EXERCISE DATA -
• • •

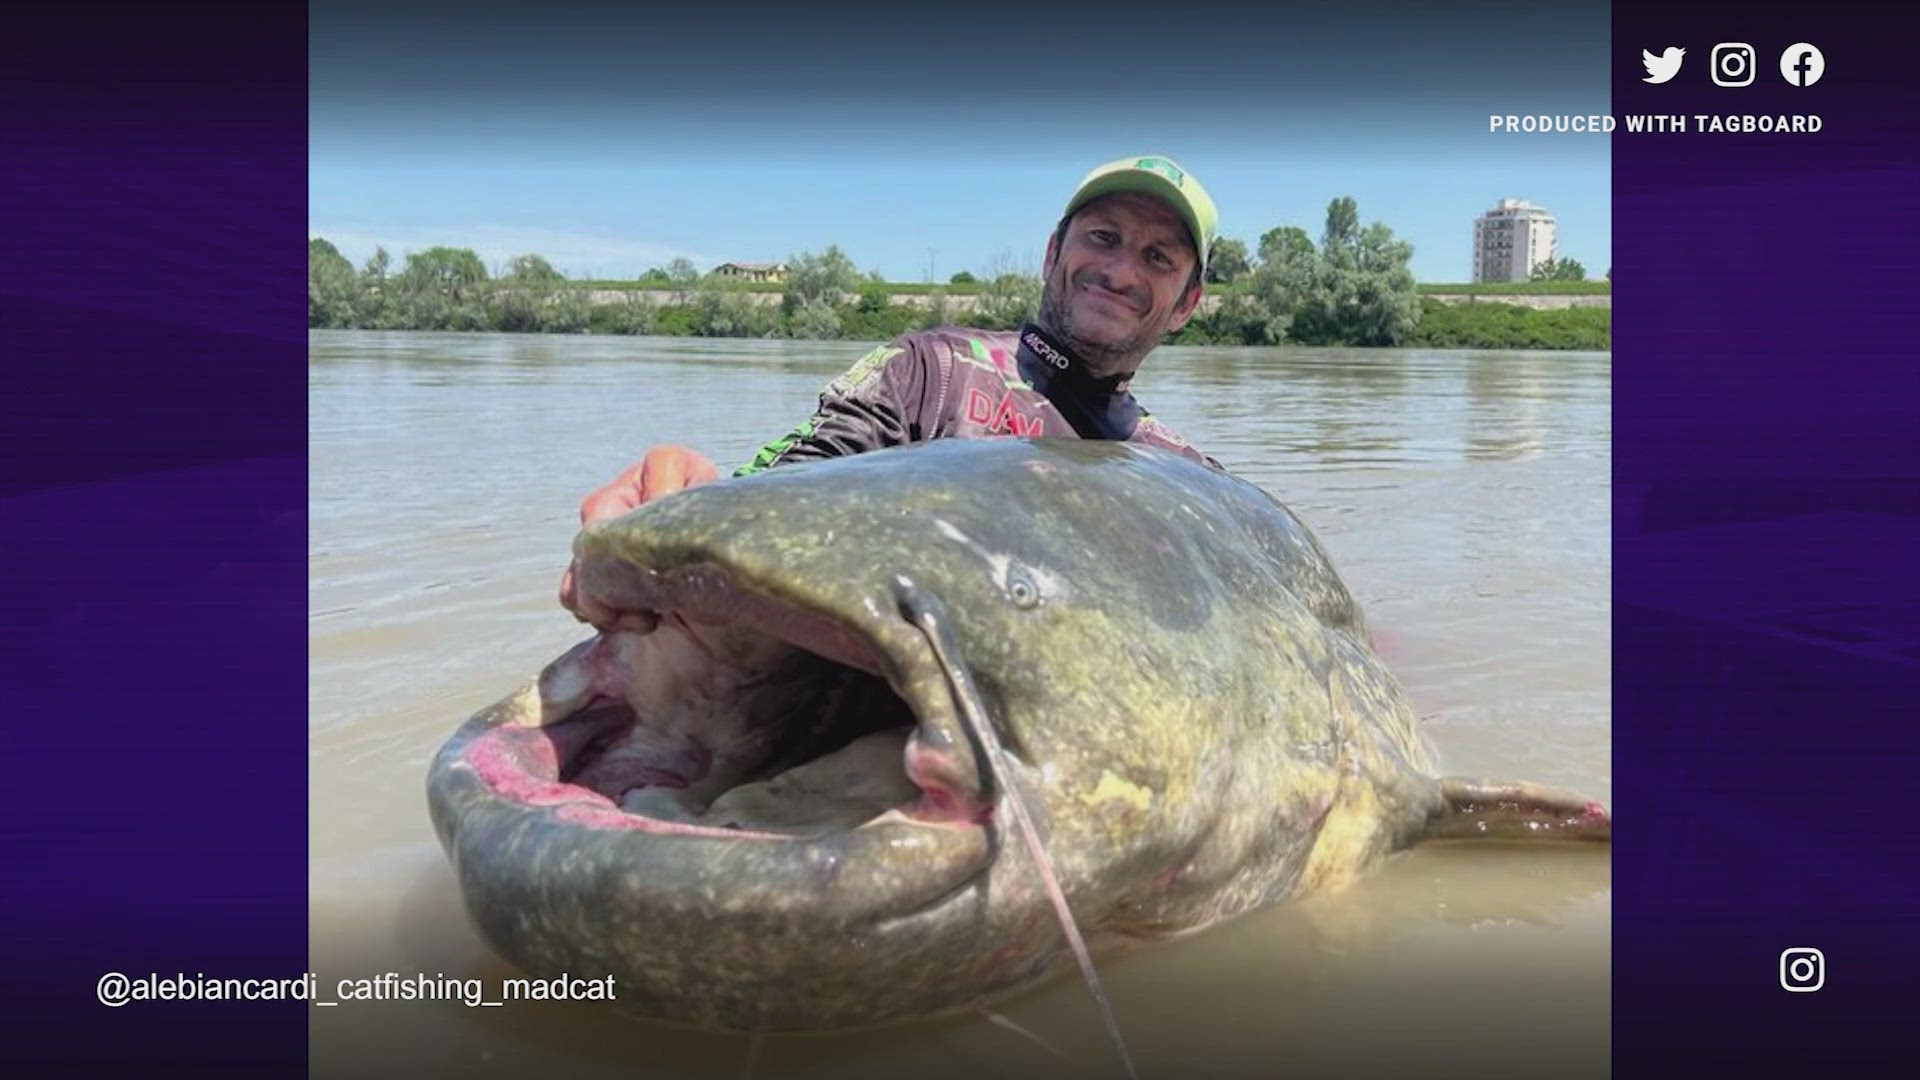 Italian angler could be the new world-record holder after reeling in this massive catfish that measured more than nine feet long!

• • •

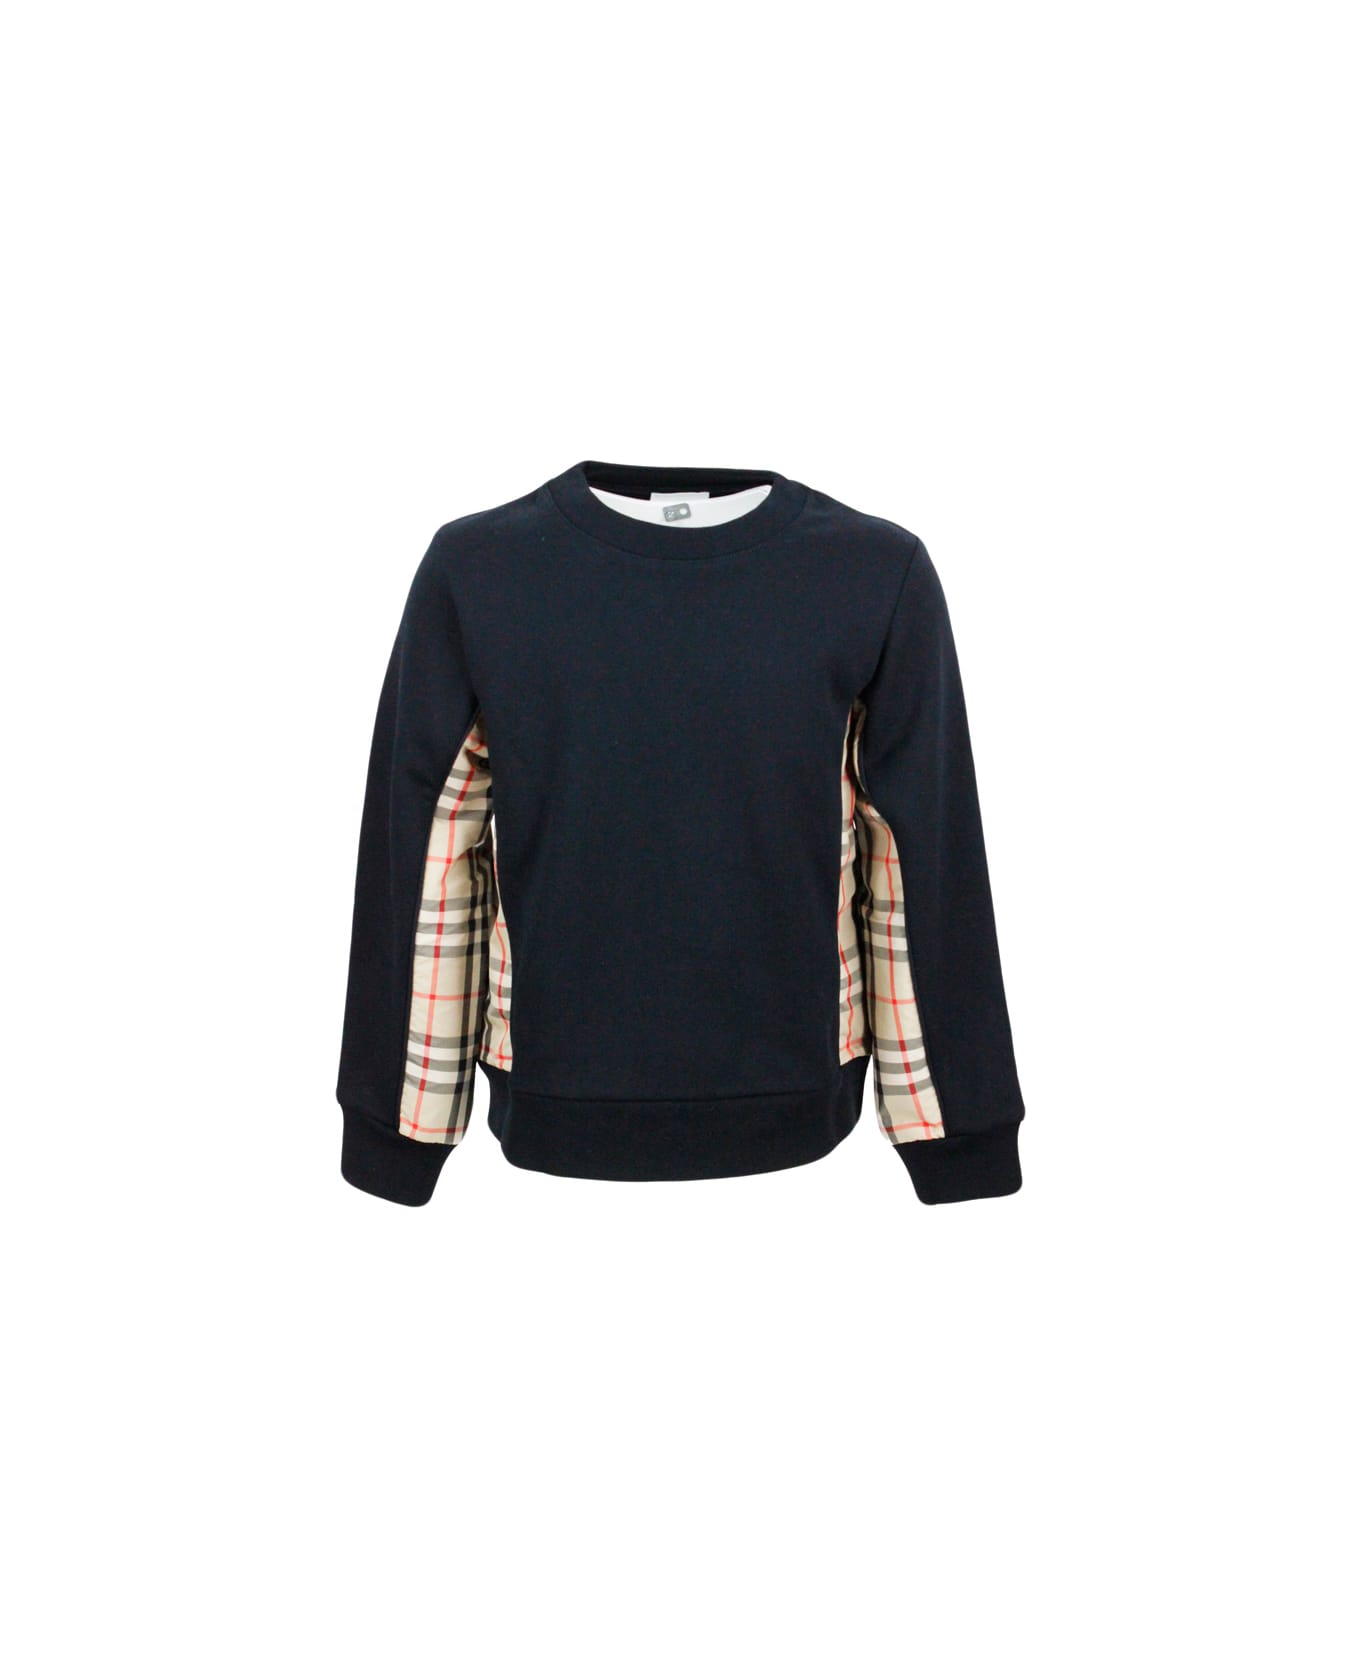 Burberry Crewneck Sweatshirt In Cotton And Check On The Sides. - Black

• • •

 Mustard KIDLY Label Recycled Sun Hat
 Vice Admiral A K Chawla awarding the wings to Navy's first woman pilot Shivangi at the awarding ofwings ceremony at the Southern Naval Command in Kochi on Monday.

• • •

DESCRIPTION OF THE TASK - Reproducing the whole listing above is not the task. Copy exactly only the lines from the one with "Mustard KIDLY Label Recycled Sun Hat" to the one with "Vice Admiral A", both kept.

RESULT FOR THIS EXERCISE -
 Mustard KIDLY Label Recycled Sun Hat
 Vice Admiral A K Chawla awarding the wings to Navy's first woman pilot Shivangi at the awarding ofwings ceremony at the Southern Naval Command in Kochi on Monday.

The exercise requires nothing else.